Exercise 1: In this exercise, we will see how the complexity of the learned model affects overfitting and underfitting. We use linear regression combined with polynomial features of various degrees. Polynomial features allow to model non-linear functions with linear models. For instance, supposing that all examples are represented by a single feature the corresponding polynomial features for a degree of 3 are .
Run the following command to start the interactive visualization.
make basics.model.complexity
Move the slider at the bottom of the plot to control the degree of the polynomial features. As the degree increases, so does the complexity of the learned model.
-
Can you find a value of the degree hyperparameter that leads to underfitting?
-
Can you find a value of the degree hyperparameter that leads to overfitting?
-
If you were writing a paper about this model, which degree value would you use and which coefficient of determination would you report?
Solution: click me
Exercise 2: Train a RBF kernel Support Vector Machine classifier on the breast cancer data set from the UCI repository. To do so, run the following command.
make basics.model.selection
-
Is the accuracy on the training set a good estimator of the accuracy on the testing set?
-
Given the information at hand, which combination of hyperparameters should you choose? Why?
-
Do some hyperparameter combinations lead to overfitting? Give an example.
-
Do some hyperparameter combinations lead to underfitting?

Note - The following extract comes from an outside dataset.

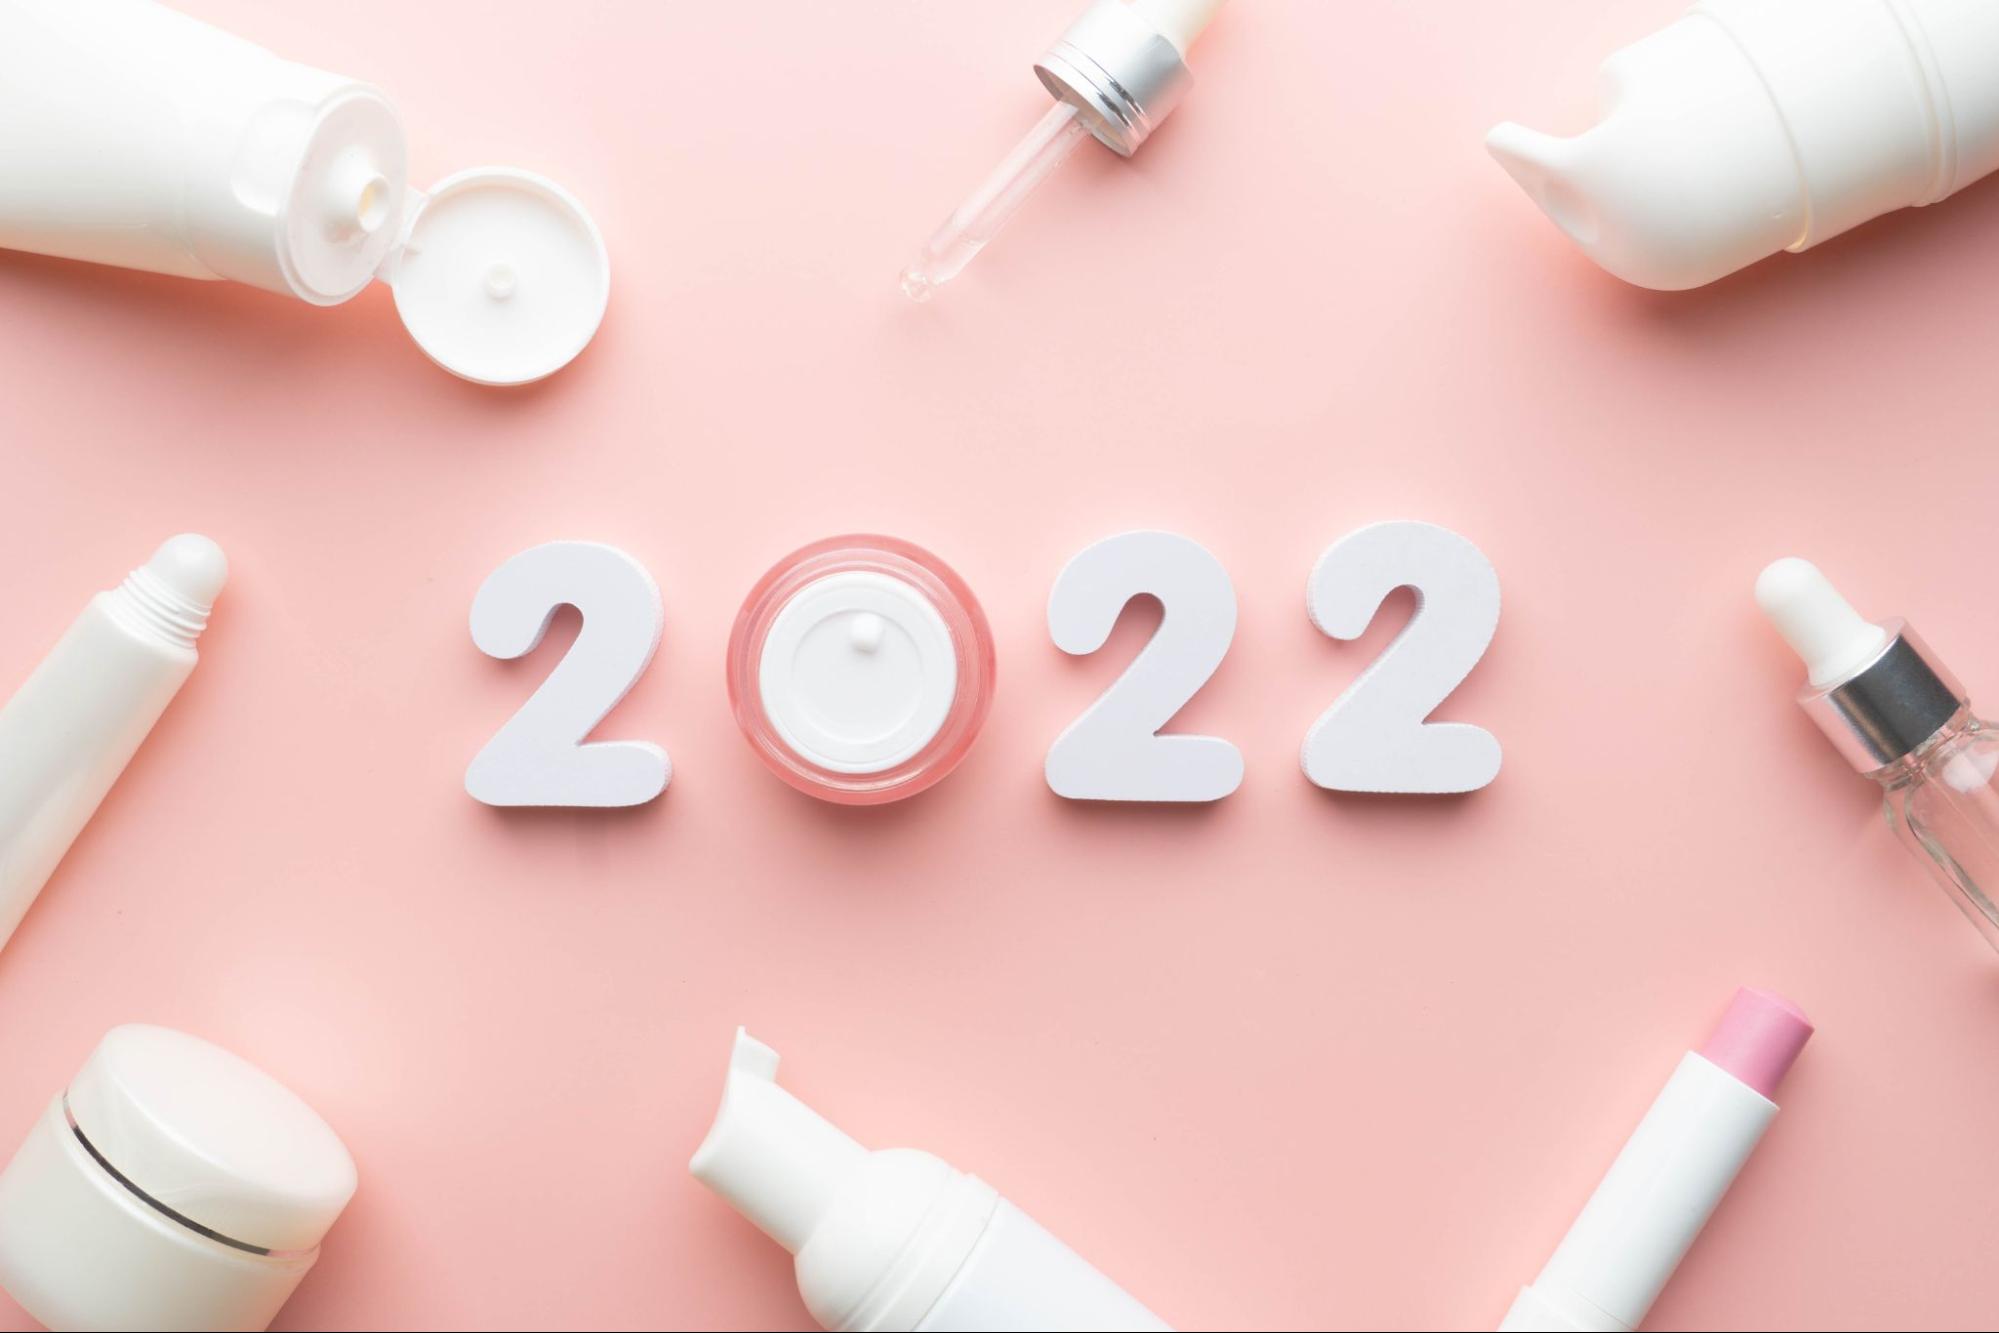 2022 surrounded by beauty products to represent Beauty Trends for 2022
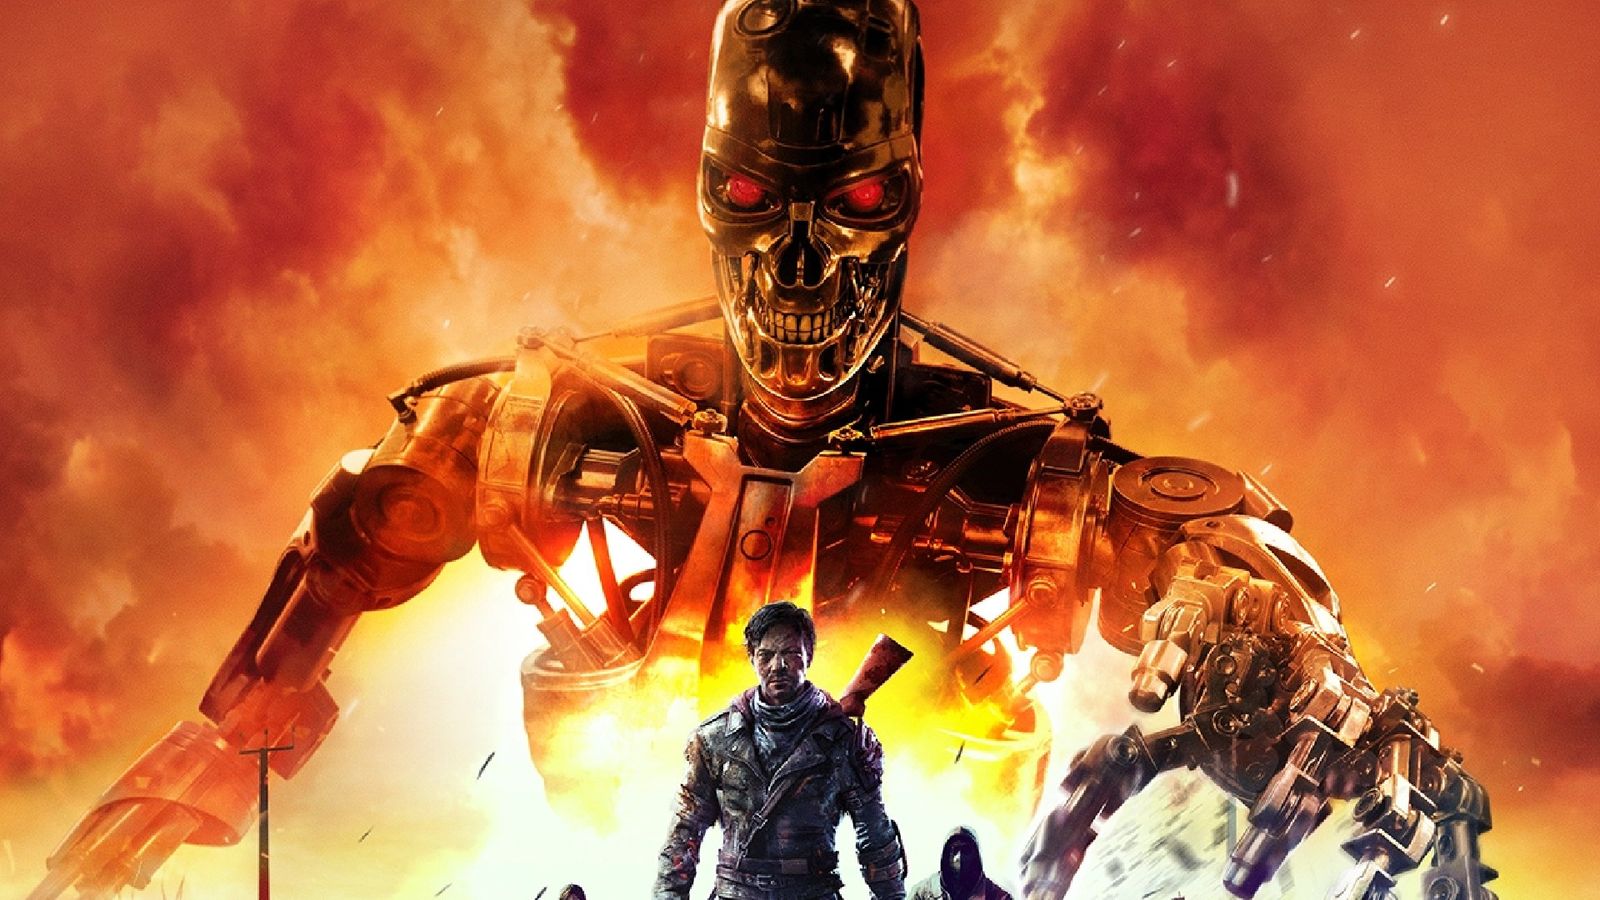 Terminator robot on fire above a character in Terminator Survivors key art

Give an example.
Solution: click me
Exercise 3: Copy the code from the Basic Scikit-learn syntax ↑ section to a file called my_experiment.py
. Run it with the following command:
python my_experiment.py
Try modifying parts of the code and look at how it affects the output of the script. For example, can you replace the decision tree classifier by a support vector machine classifier?